Simple: You can't put x=0. now, If you put 'x' as a negative number, the left side of the equation becomes negative and If you put 'x' as a positive number, the left side of the equation becomes positive. So there is no solution of the equation in the real line.

Putting $a=(x+\frac{1}{x})$ We get, $a^3=-a$ $\Rightarrow a^2=-1, \space since \space a \ne 0$ for real $x$ .

Now this equation clearly can't be satisfied with any real number. Hence there are no real solutions

$With\quad x\quad \neq \quad 0$ $For\quad x\quad >\quad 0\quad we\quad have\quad :\quad { (x+\frac { 1 }{ x } ) }^{ 3 }+\quad (x+\frac { 1 }{ x } )\quad >\quad 0$ $For\quad x\quad <\quad 0\quad we\quad have\quad :\quad { (x+\frac { 1 }{ x } ) }^{ 3 }+\quad (x+\frac { 1 }{ x } )\quad <\quad 0$

So there is no reel roots for the equation

Substitute $\ y = x + \frac{1}{x}$ such that : $y^3 +y = y(y^2+1) = 0$ Clearly only y=0 has any chance of producing a real solution. However, it is clear to see that $x + \frac{1}{x} = \frac{x^2+1}{x} = 0$ which doesn't produce a real solution. Hence, there are no real solutions.

Here's an easy way to kill it. Make the substitution $u = x+\frac{1}{x}$ . Then we have $u^3=-u$ , or $u^2 =-1$ , which clearly admits no real solutions.

(x+(1/x))((x+(1/x))^2 +1)=0

By Zero Product Property, x + (1/x) = 0 and/or (x + (1/x))^2 = -1. Latter is not possible for real x.

Also x^2 + 1 = 0 is not possible for real x.
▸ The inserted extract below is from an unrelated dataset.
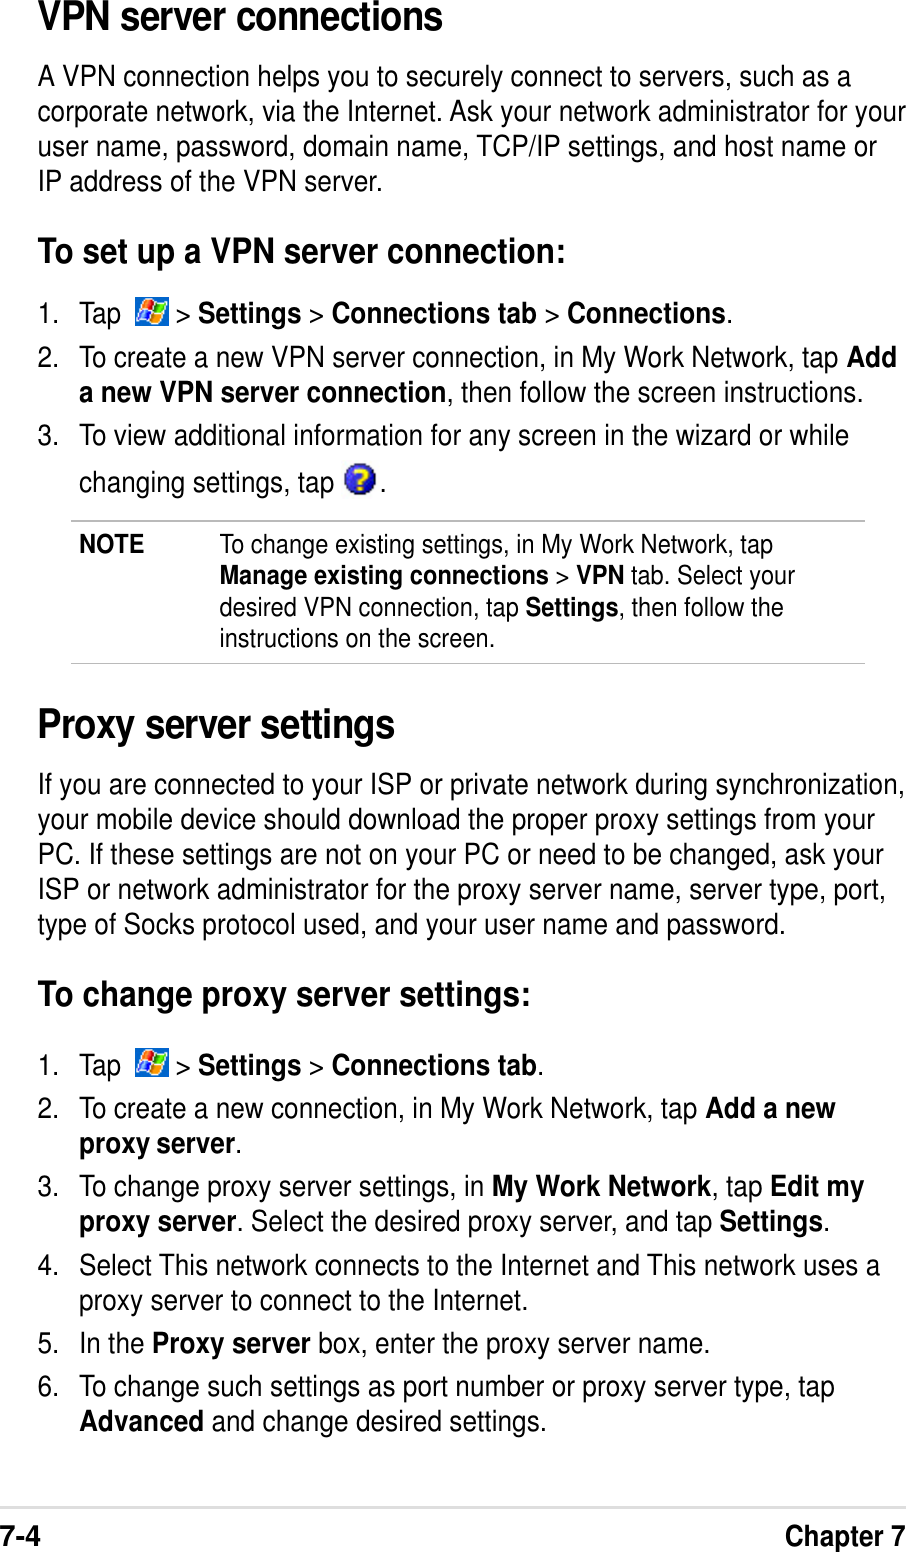 7-4Chapter 7VPN server connectionsA VPN connection helps you to securely connect to servers, such as acorporate network, via the Internet. Ask your network administrator for youruser name, password, domain name, TCP/IP settings, and host name orIP address of the VPN server.To set up a VPN server connection:1. Tap    &gt; Settings &gt; Connections tab &gt; Connections.2. To create a new VPN server connection, in My Work Network, tap Adda new VPN server connection, then follow the screen instructions.3. To view additional information for any screen in the wizard or whilechanging settings, tap  .NOTE To change existing settings, in My Work Network, tapManage existing connections &gt; VPN tab. Select yourdesired VPN connection, tap Settings, then follow theinstructions on the screen.Proxy server settingsIf you are connected to your ISP or private network during synchronization,your mobile device should download the proper proxy settings from yourPC. If these settings are not on your PC or need to be changed, ask yourISP or network administrator for the proxy server name, server type, port,type of Socks protocol used, and your user name and password.To change proxy server settings:1. Tap    &gt; Settings &gt; Connections tab.2. To create a new connection, in My Work Network, tap Add a newproxy server.3. To change proxy server settings, in My Work Network, tap Edit myproxy server. Select the desired proxy server, and tap Settings.4. Select This network connects to the Internet and This network uses aproxy server to connect to the Internet.5. In the Proxy server box, enter the proxy server name.6. To change such settings as port number or proxy server type, tapAdvanced and change desired settings.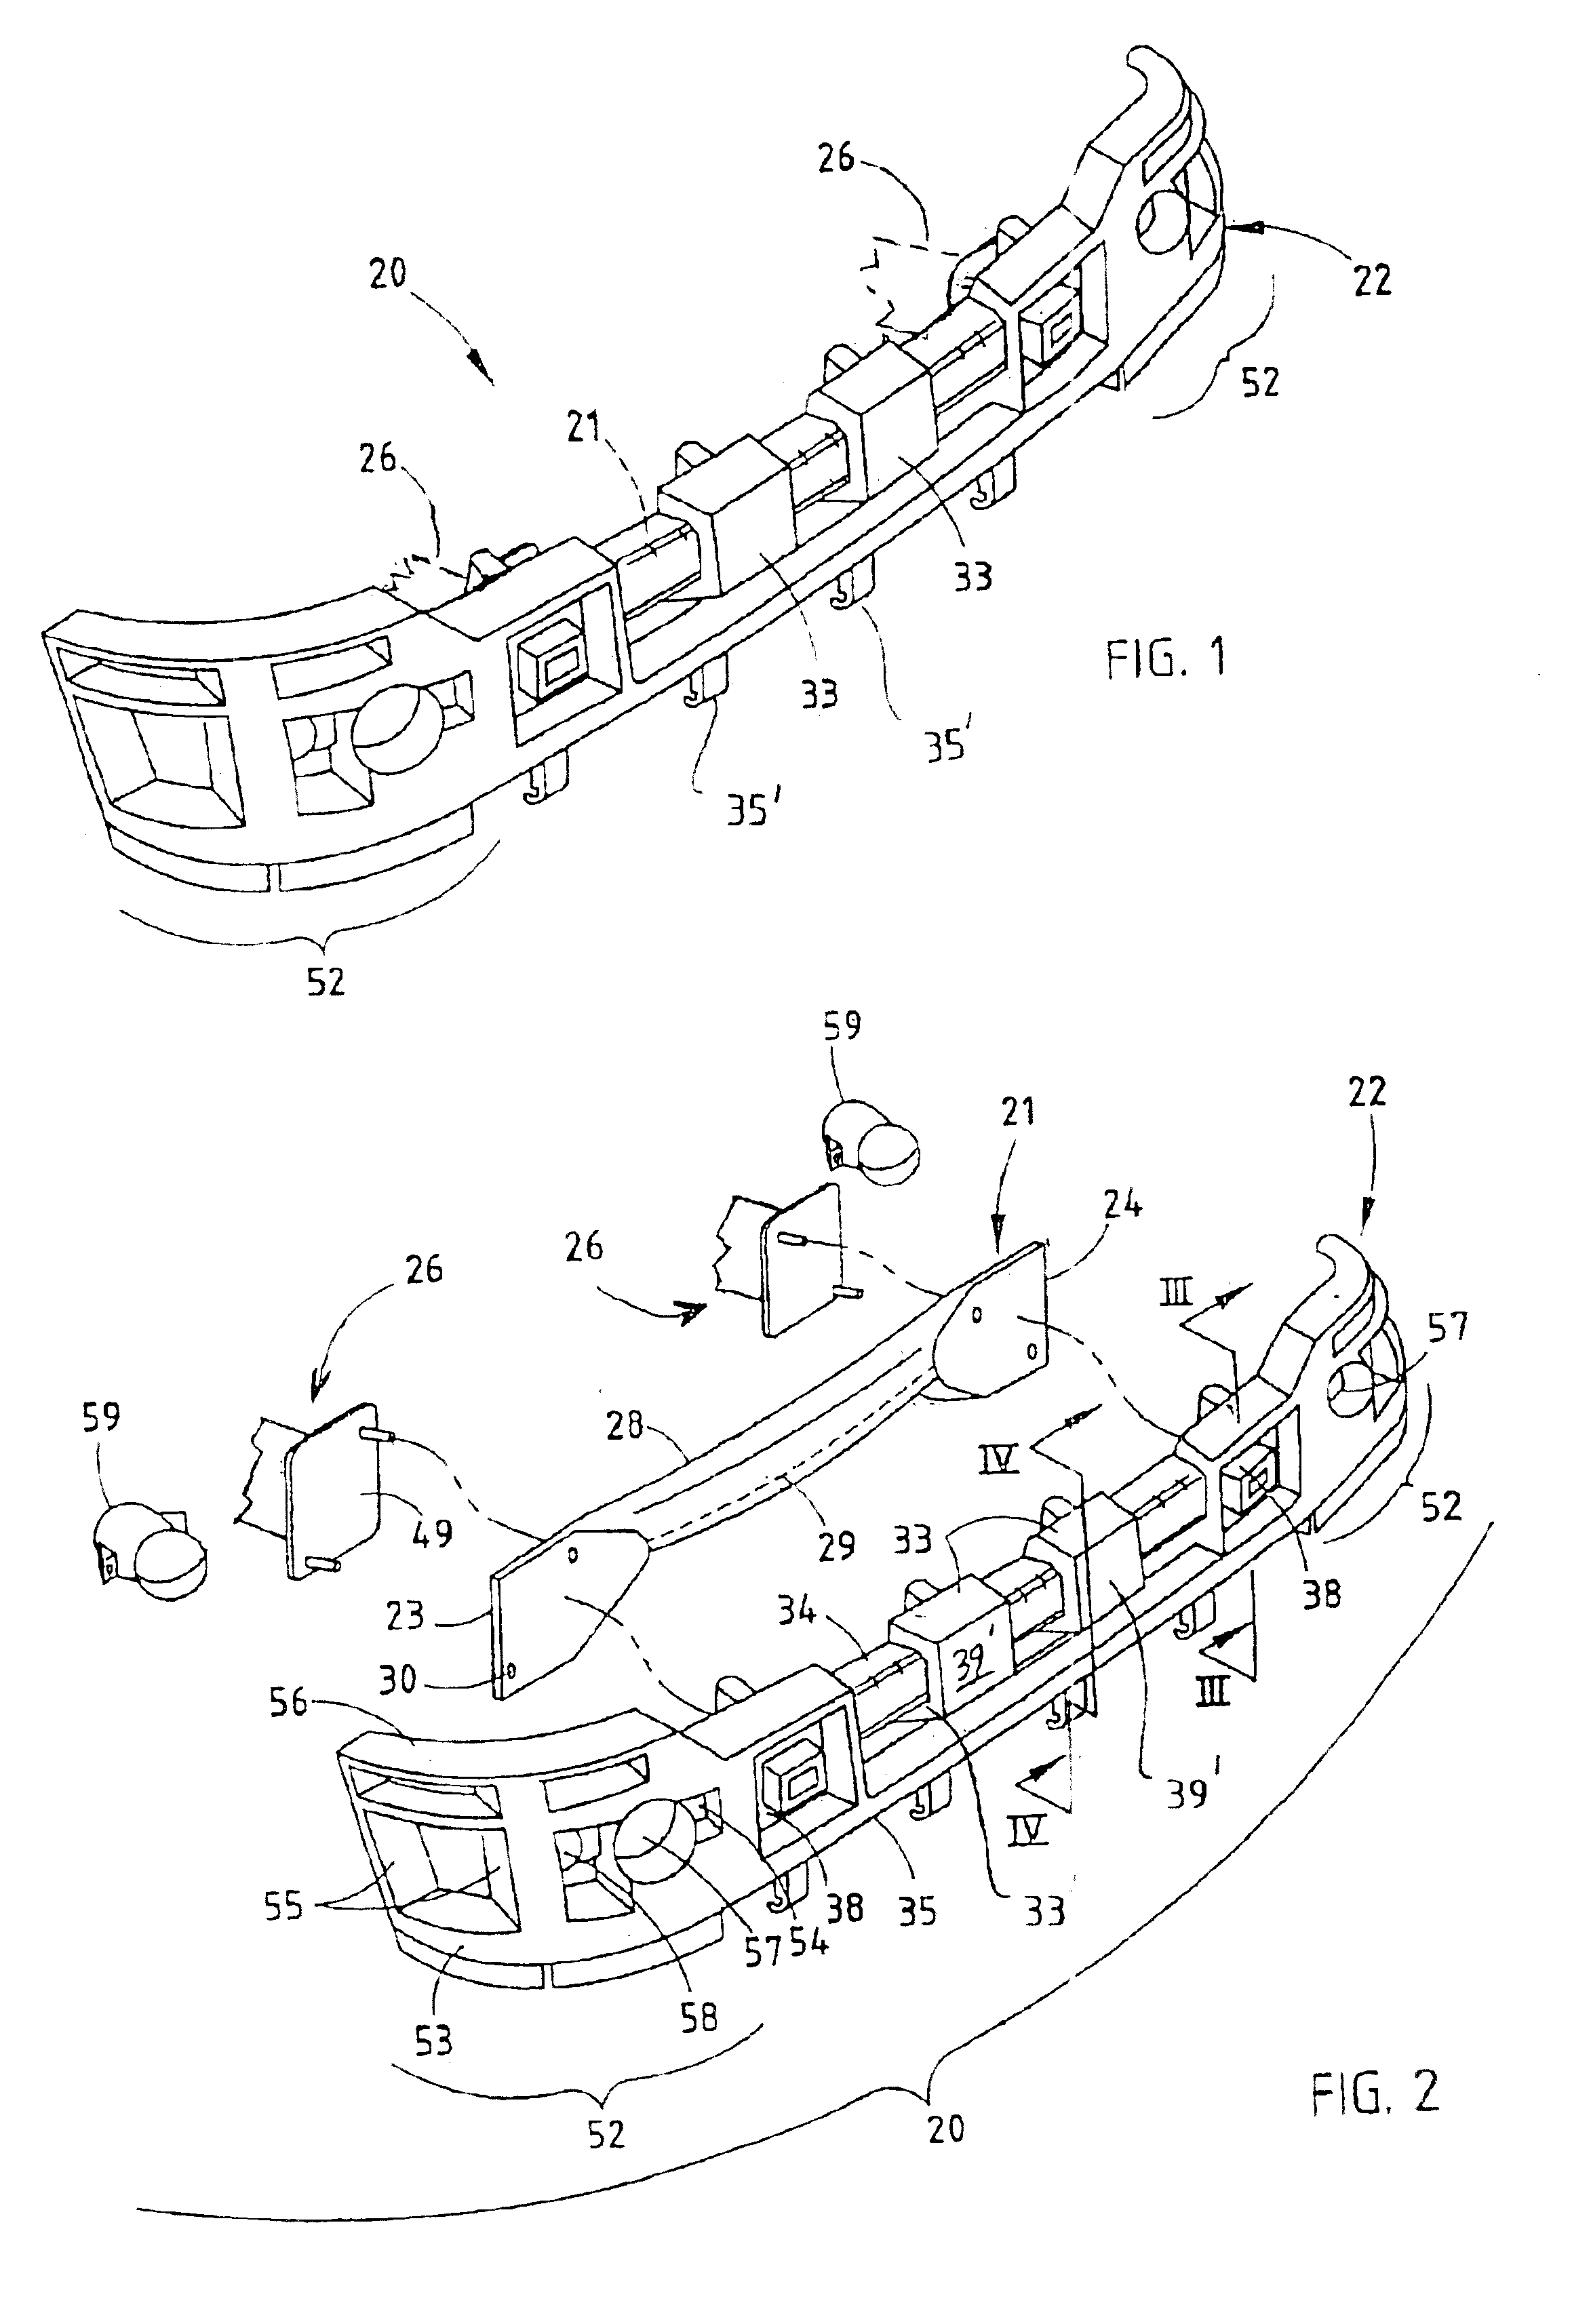 Bumper with integrally formed energy absorber

Hence no real roots exist for this equation.

$(x+\frac{1}{x})^{3}+(x+\frac{1}{x})=0$ . As $x+\frac{1}{x} \ne 0$ , we have $(x+\frac{1}{x})^{2}=-1$ but an squared real number is never going to be negative.

If x+1/x=0 roots are imaginary Then, x^2+1/x^+3=0 Put t=x^2 and solve Roots are imaginary

(x+1/x)^3 +(x + 1/x)=0 , (x+1/x)((x +1/x)^2 + 1)=0 , (x^2 + 1)( (x + 1/x)^2 + 1) =0 , here in both bracket value can not be zero ,because these are positive .Due to this right hand side value can note be zero, this is grater than zero. therefore .there is no any real solution for given equation,

I solved it this way : Let f(x) = (x+ 1/x)^3 + (1 + 1/x) Expand and take LCM. Now find the number of sign changes of co-effecients , that tells the number of + roots , which is 0 here. Now find f(-x) , again repeat the same procedure. That is the number of -ve roots. which is 0 here . So all roots are complex , there are 6 complex roots.